Exercise input =>
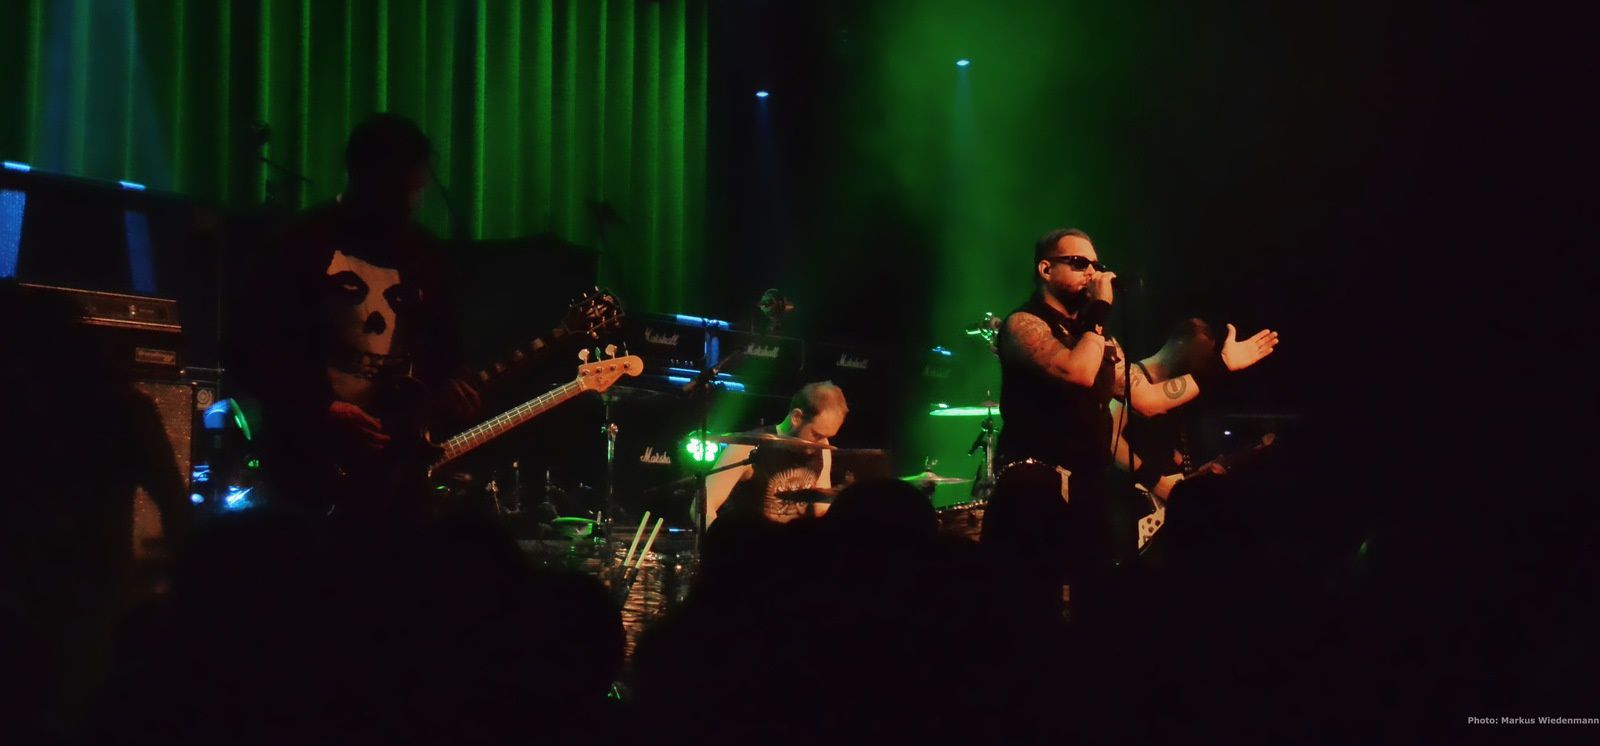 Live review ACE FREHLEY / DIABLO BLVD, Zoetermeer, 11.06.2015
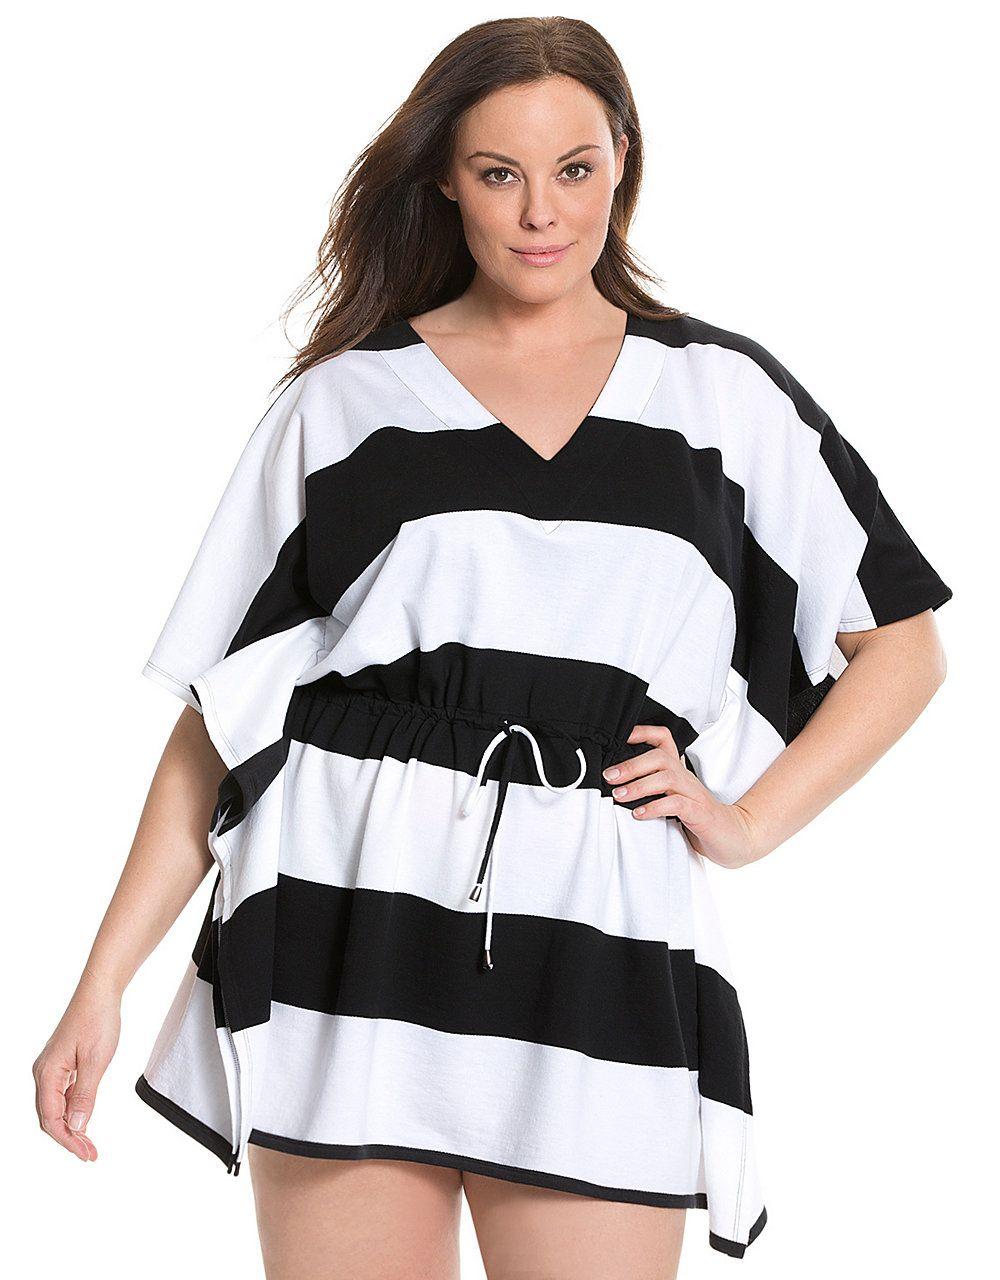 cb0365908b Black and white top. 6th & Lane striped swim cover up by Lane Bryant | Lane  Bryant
...
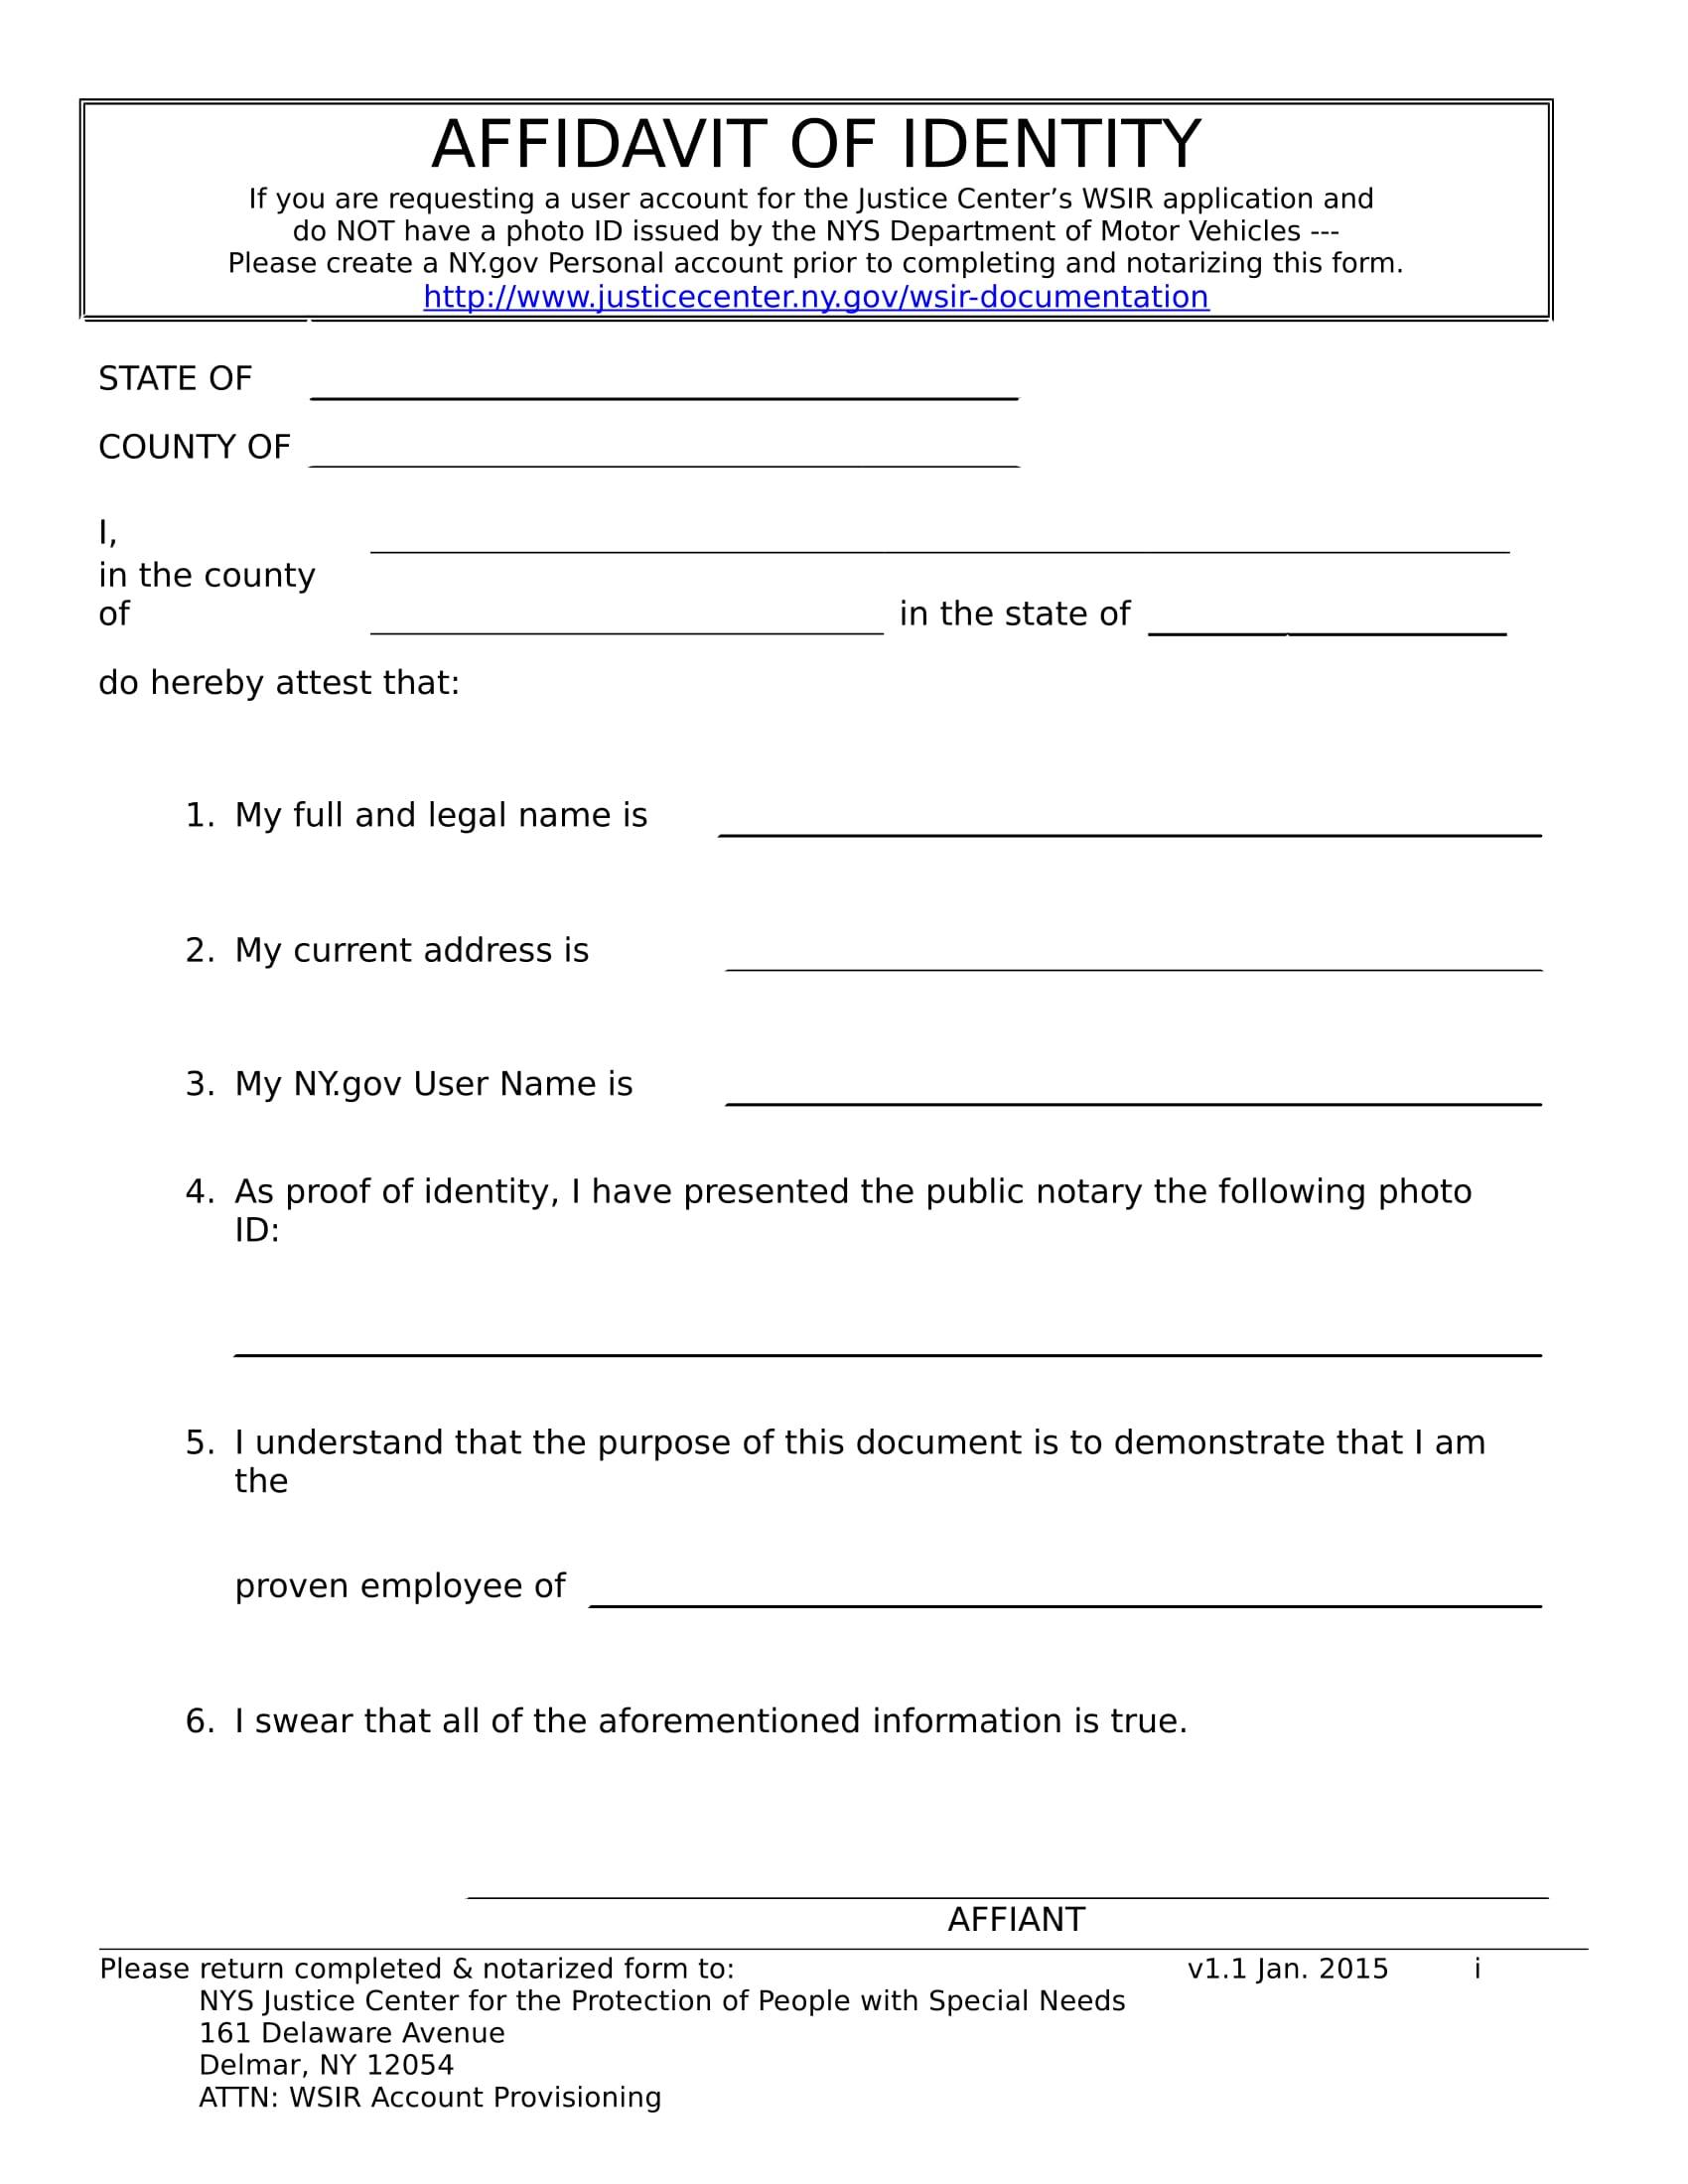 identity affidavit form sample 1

Problem details =>
Transcribe exactly the lines above, beginning at the one with "Live review ACE" and going up to and including the one with "cb0365908b Black and". Pictures do not belong in the copy.

Output of the exercise =>
 Live review ACE FREHLEY / DIABLO BLVD, Zoetermeer, 11.06.2015
 cb0365908b Black and white top. 6th & Lane striped swim cover up by Lane Bryant | Lane  Bryant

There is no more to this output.